### [TASK REQUIREMENTS]
Without the images, print every line of the material below exactly as given.

### [GIVEN DATA]
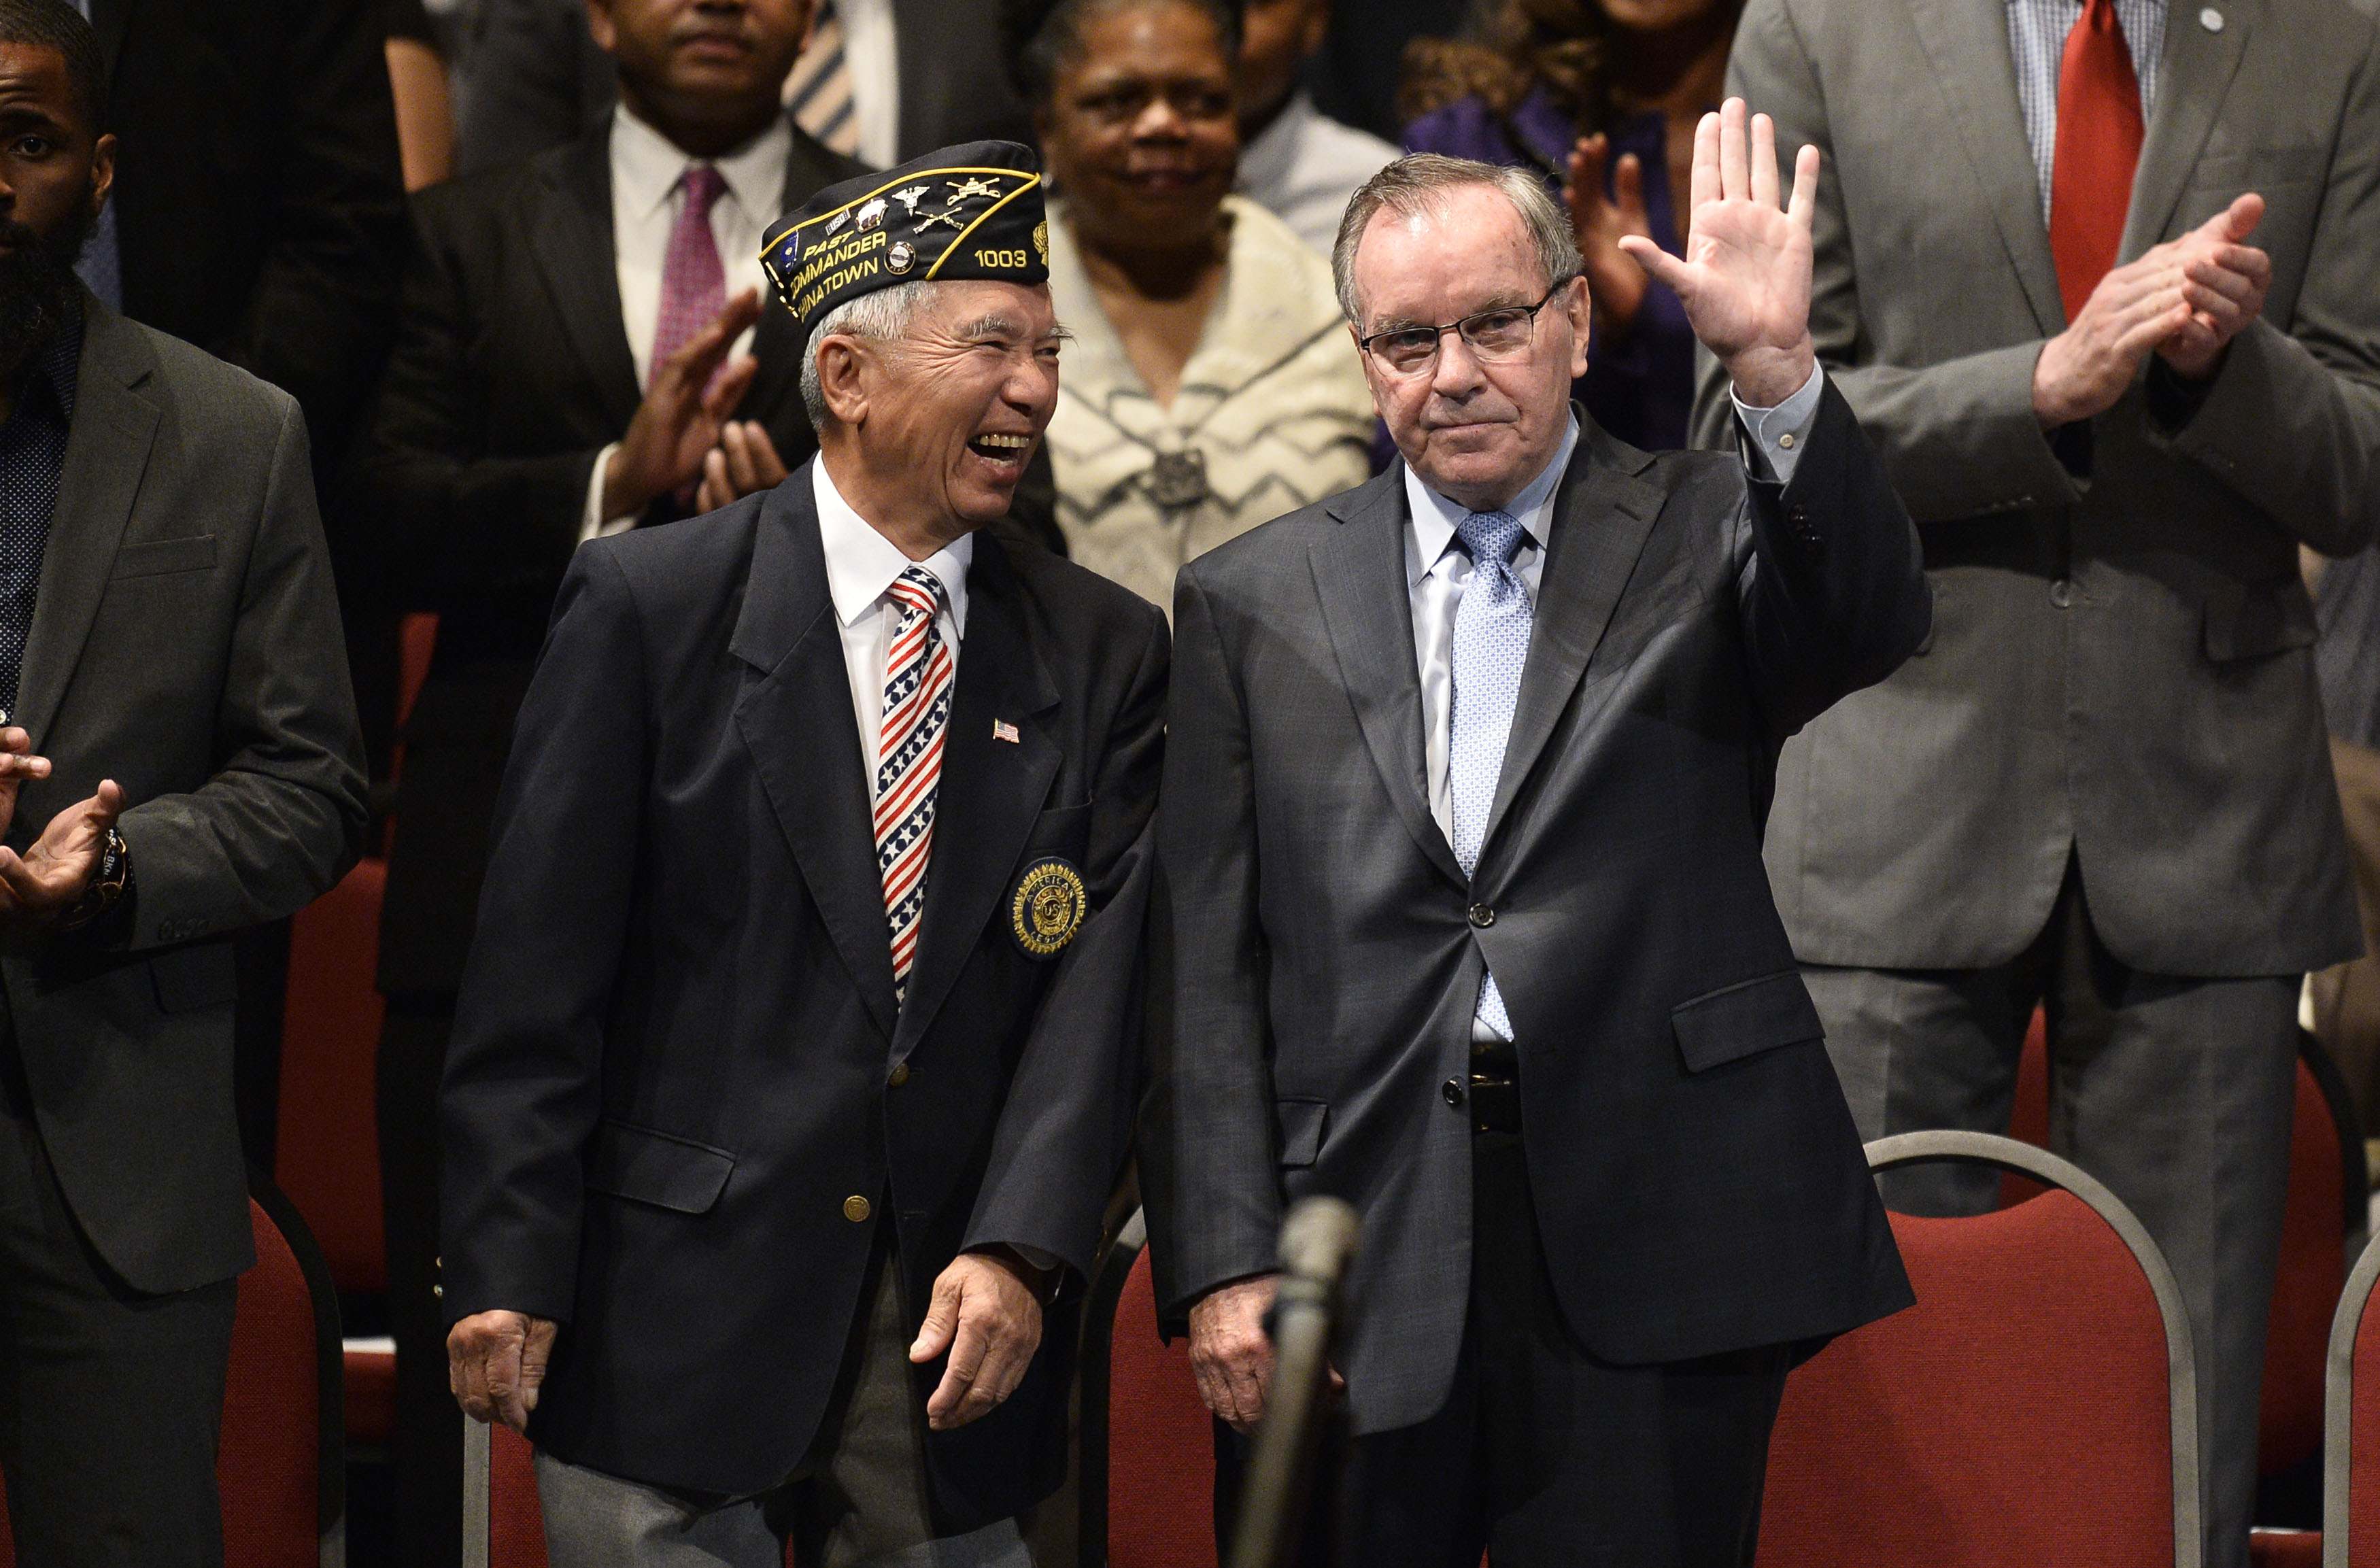 Former Chicago Mayor Richard M. Daley (R) stands with Lt. Col. Phillip Chen, retired, as he waves to the audience as he is introduced at the inauguration ceremony for Chicago Mayor Rahm Emanuel and other elected officials at the Chicago Theatre.  (Photo by Brian Kersey/Getty Images)
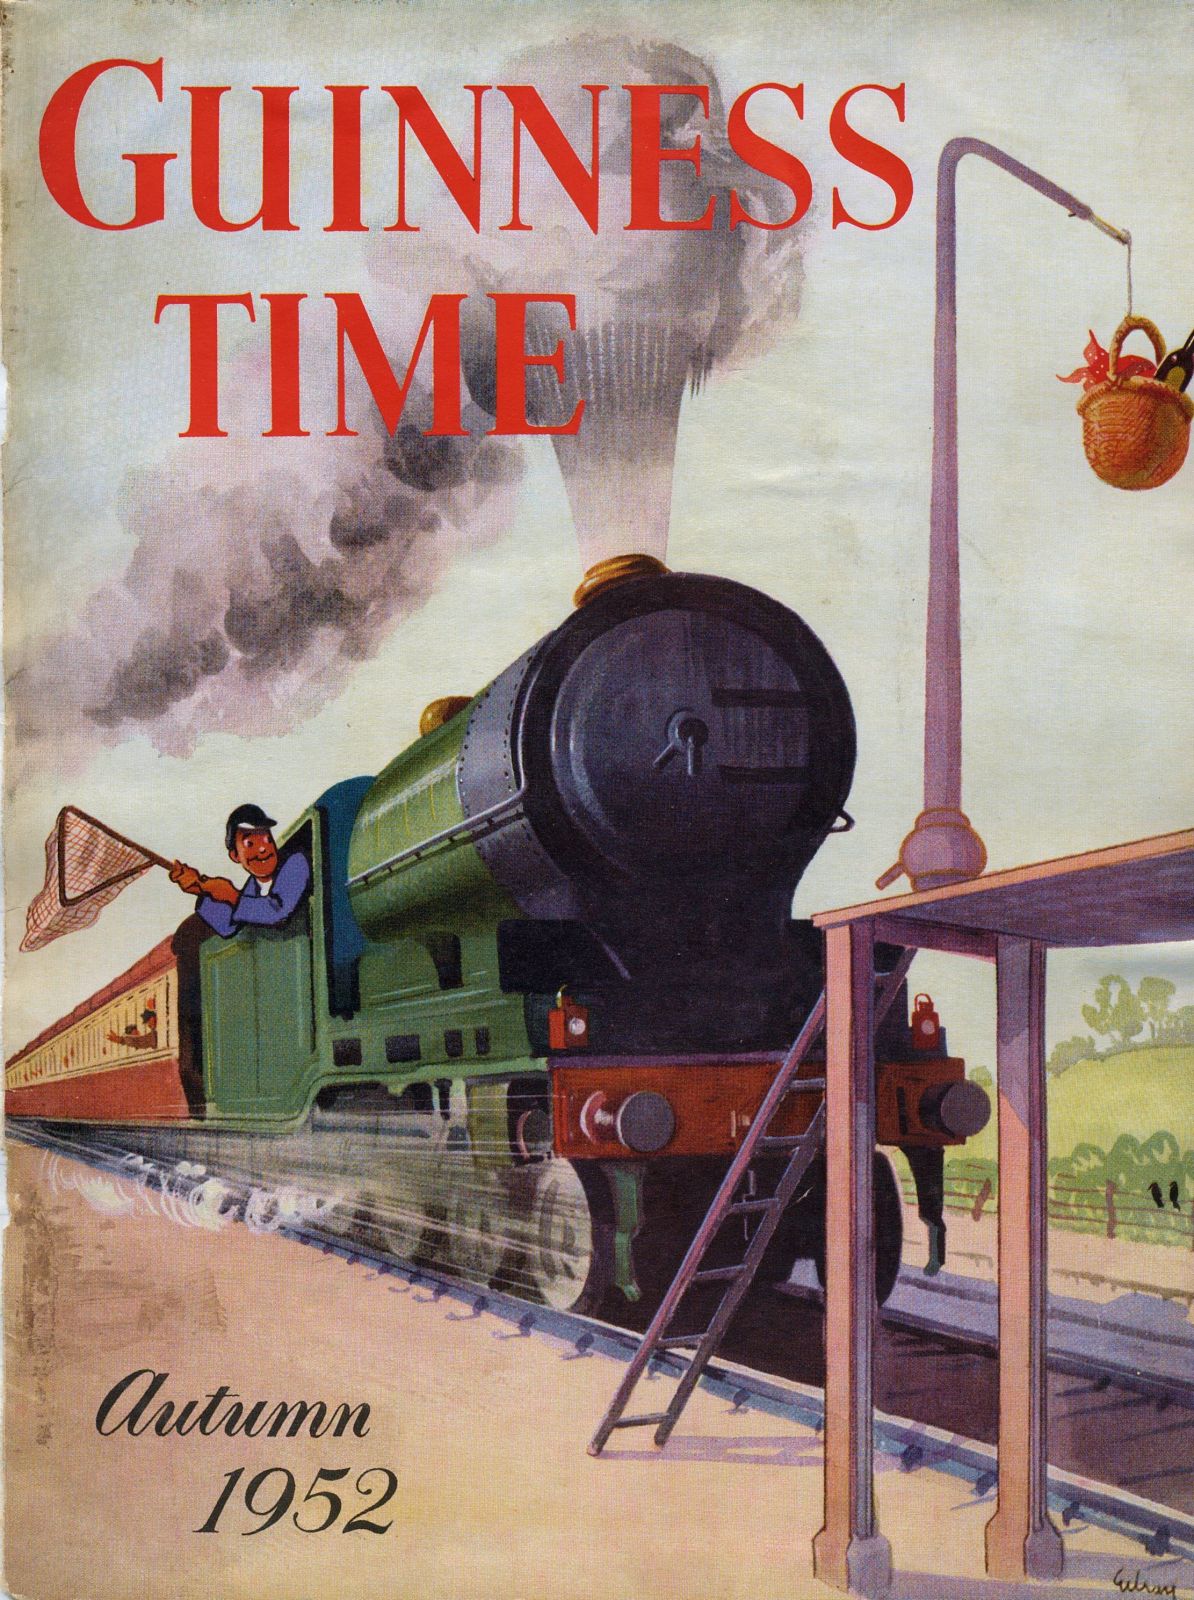 Guinness Time Autumn 1952
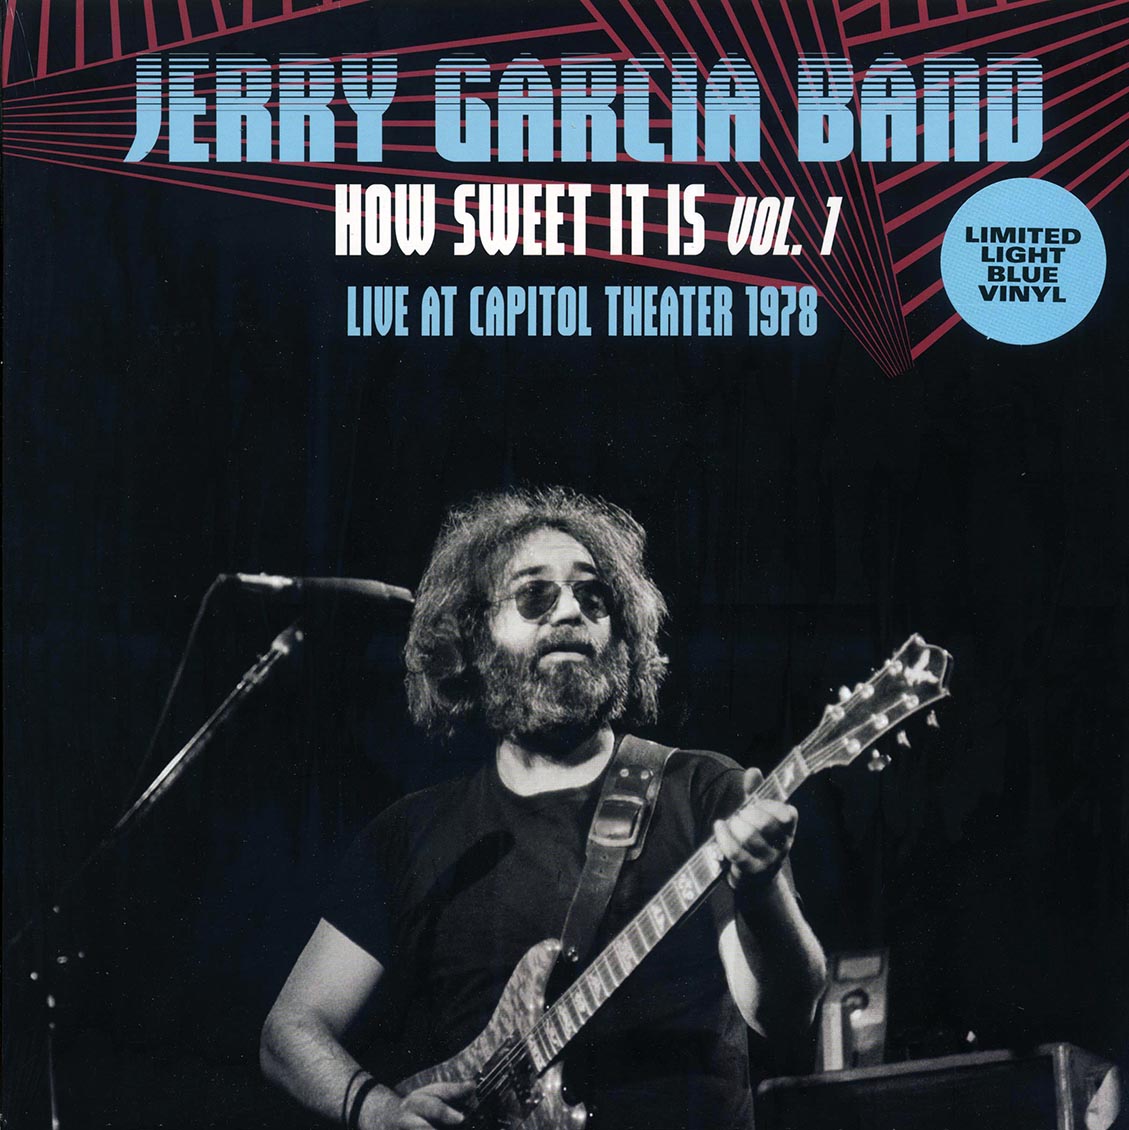 The Jerry Garcia Band - How Sweet It Is Volume 1: Live At Capitol Theater 1978 (ltd. ed.) (blue vinyl) - Vinyl LP

### [SOLUTION FOR THIS PROBLEM]
 Former Chicago Mayor Richard M. Daley (R) stands with Lt. Col. Phillip Chen, retired, as he waves to the audience as he is introduced at the inauguration ceremony for Chicago Mayor Rahm Emanuel and other elected officials at the Chicago Theatre.  (Photo by Brian Kersey/Getty Images)
 Guinness Time Autumn 1952
 The Jerry Garcia Band - How Sweet It Is Volume 1: Live At Capitol Theater 1978 (ltd. ed.) (blue vinyl) - Vinyl LP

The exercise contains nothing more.